Lol could it be any further away....


----------



## stoney (Oct 7, 2017)

It's on Ebay now at $3500 B/O


----------



## fordmike65 (Oct 7, 2017)

http://www.ebay.com/itm/Original-AN...859480?hash=item3af3a63618:g:j6IAAOSw7htZz6FP


----------



## Kramai88 (Oct 7, 2017)

fordmike65 said:


> http://www.ebay.com/itm/Original-AN...859480?hash=item3af3a63618:g:j6IAAOSw7htZz6FP




hmmm talked to the seller this morning. Suppose to pick it up tomorrow at noon 


Sent from my iPhone using Tapatalk


----------



## fordmike65 (Oct 7, 2017)

Kramai88 said:


> hmmm talked to the seller this morning. Suppose to pick it up tomorrow at noon
> 
> 
> Sent from my iPhone using Tapatalk


----------



## fordmike65 (Oct 7, 2017)

Kramai88 said:


> hmmm talked to the seller this morning. Suppose to pick it up tomorrow at noon
> 
> 
> Sent from my iPhone using Tapatalk



I'd go pick it up RIGHT NOW


----------



## Kramai88 (Oct 7, 2017)

fordmike65 said:


> I'd go pick it up RIGHT NOW




He says I'm still the buyer. Don't know what's going on


Sent from my iPhone using Tapatalk


----------



## fordmike65 (Oct 7, 2017)

Kramai88 said:


> He says I'm still the buyer.
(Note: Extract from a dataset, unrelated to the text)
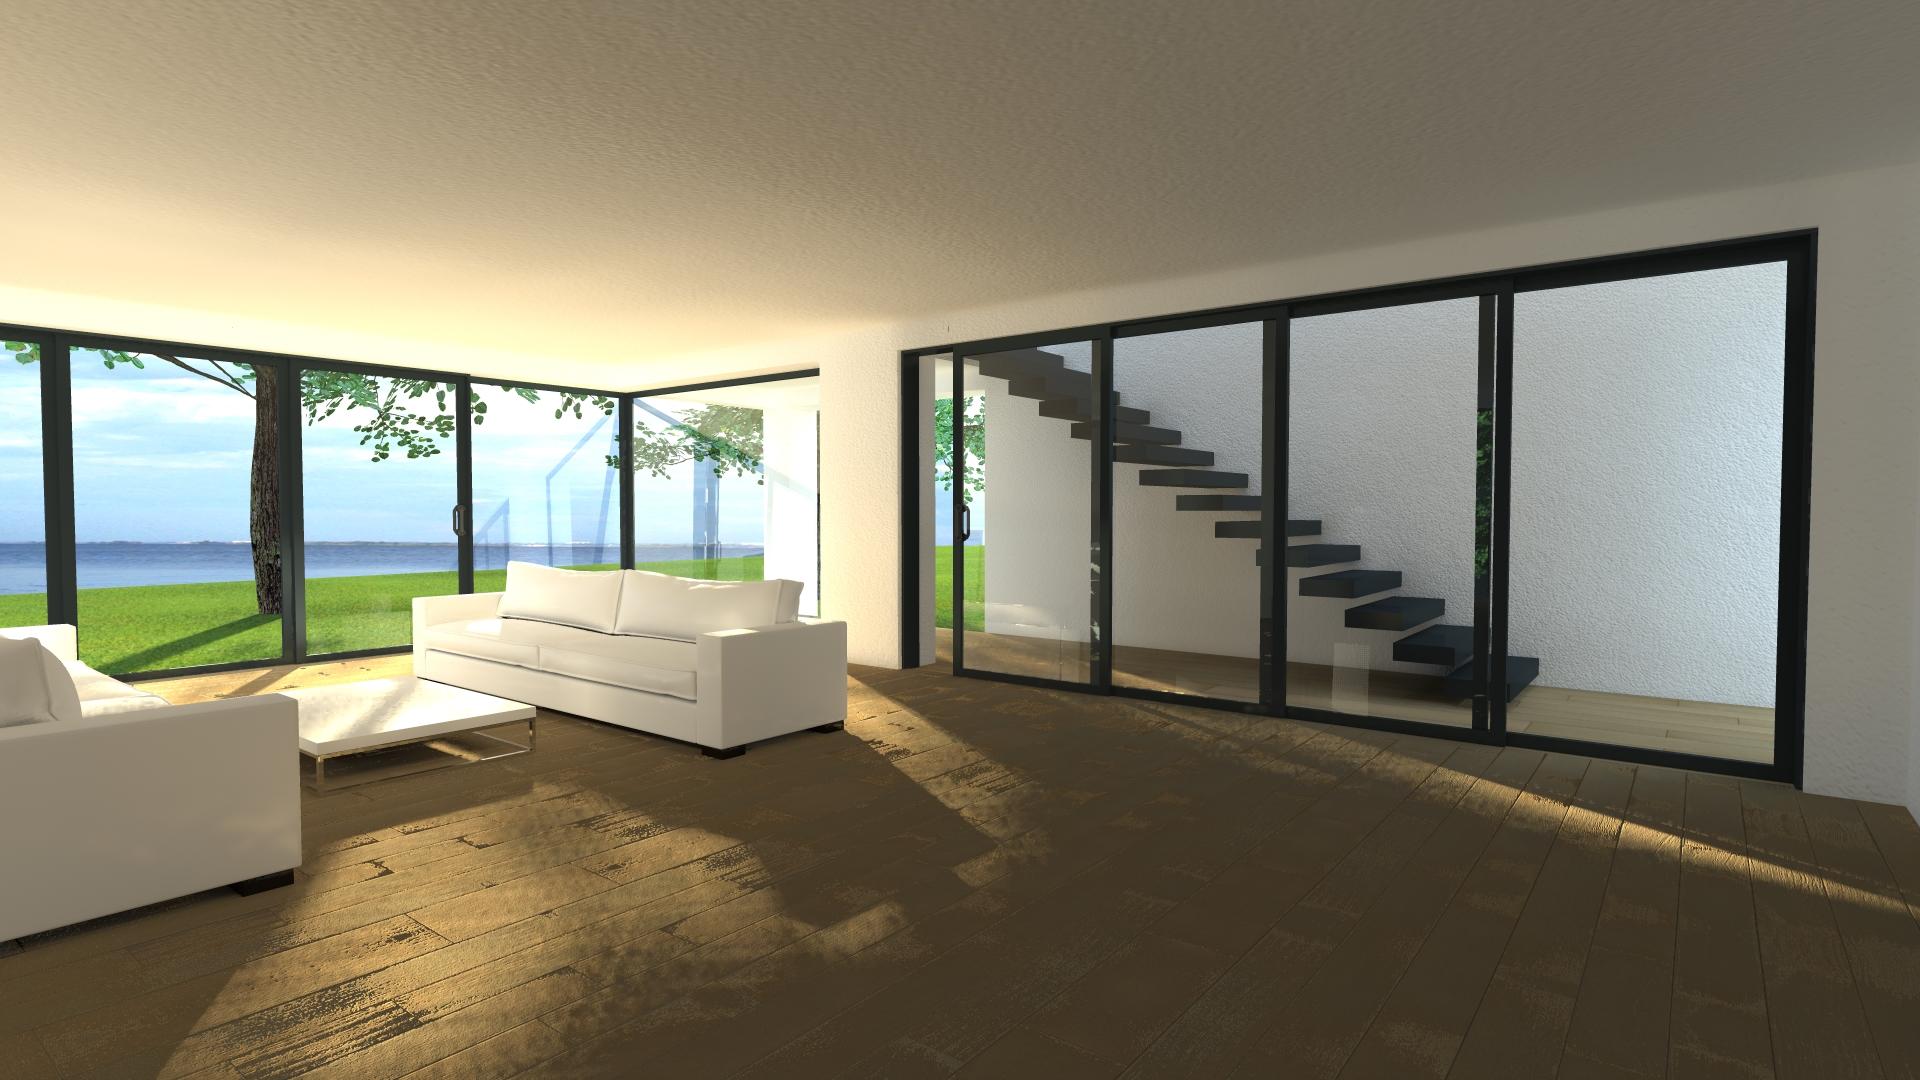 Projekt architektoniczny domu jednorodzinnego w Swoszowicach

Don't know what's going on
> 
> 
> Sent from my iPhone using Tapatalk



OK. Weird...


----------



## gymmanager (Oct 7, 2017)

fordmike65 said:


> I'd go pick it up RIGHT NOW



@Kramai88 That is some *sound* advice right there. If you really want that bike, better haul ass...


----------



## WetDogGraphix (Oct 7, 2017)




----------



## Maskadeo (Oct 7, 2017)

Now he's asking too much...


----------



## Kramai88 (Oct 7, 2017)

Seller said his account was hacked. That we have a deal and he will honor it


Sent from my iPhone using Tapatalk


----------



## stoney (Oct 7, 2017)

Kramai88 said:


> He says I'm still the buyer. Don't know what's going on
> 
> 
> Sent from my iPhone using Tapatalk




Best of luck, hope all works out in your favor. Let us know.


----------



## Bikermaniac (Oct 7, 2017)

Looks like a scam to me...


----------



## Kramai88 (Oct 8, 2017)

my granddaughter has secured the bike!


Sent from my iPhone using Tapatalk


----------



## gymmanager (Oct 8, 2017)

@Kramai88  Congratulations, looks like a nice score, glad it all worked out in your favor!


----------



## Hawthornecrazy (Oct 8, 2017)

Very cool I'm glad it all worked out for you.


----------



## GTs58 (Oct 8, 2017)

Nice!

Did you drive down to Florida and pick it up? I've followed some of the items being sold by and in the early days purchased by Schwinn dewalt.


----------



## Kramai88 (Oct 8, 2017)

GTs58 said:


> Nice!
> 
> Did you drive down to Florida and pick it up? I've followed some of the items being sold by and in the early days purchased by Schwinn dewalt.




No my daughter lives close she picked it up for me


Sent from my iPhone using Tapatalk


----------



## stoney (Oct 8, 2017)

Excellent, glad things worked out.


----------



## Maskadeo (Oct 8, 2017)

I'm not sure on the back story, but sweet bike nonetheless!


----------



## Maskadeo (Oct 8, 2017)

I say give it to the grand daughter and keep the flame alive! Merry (early) Christmas!


----------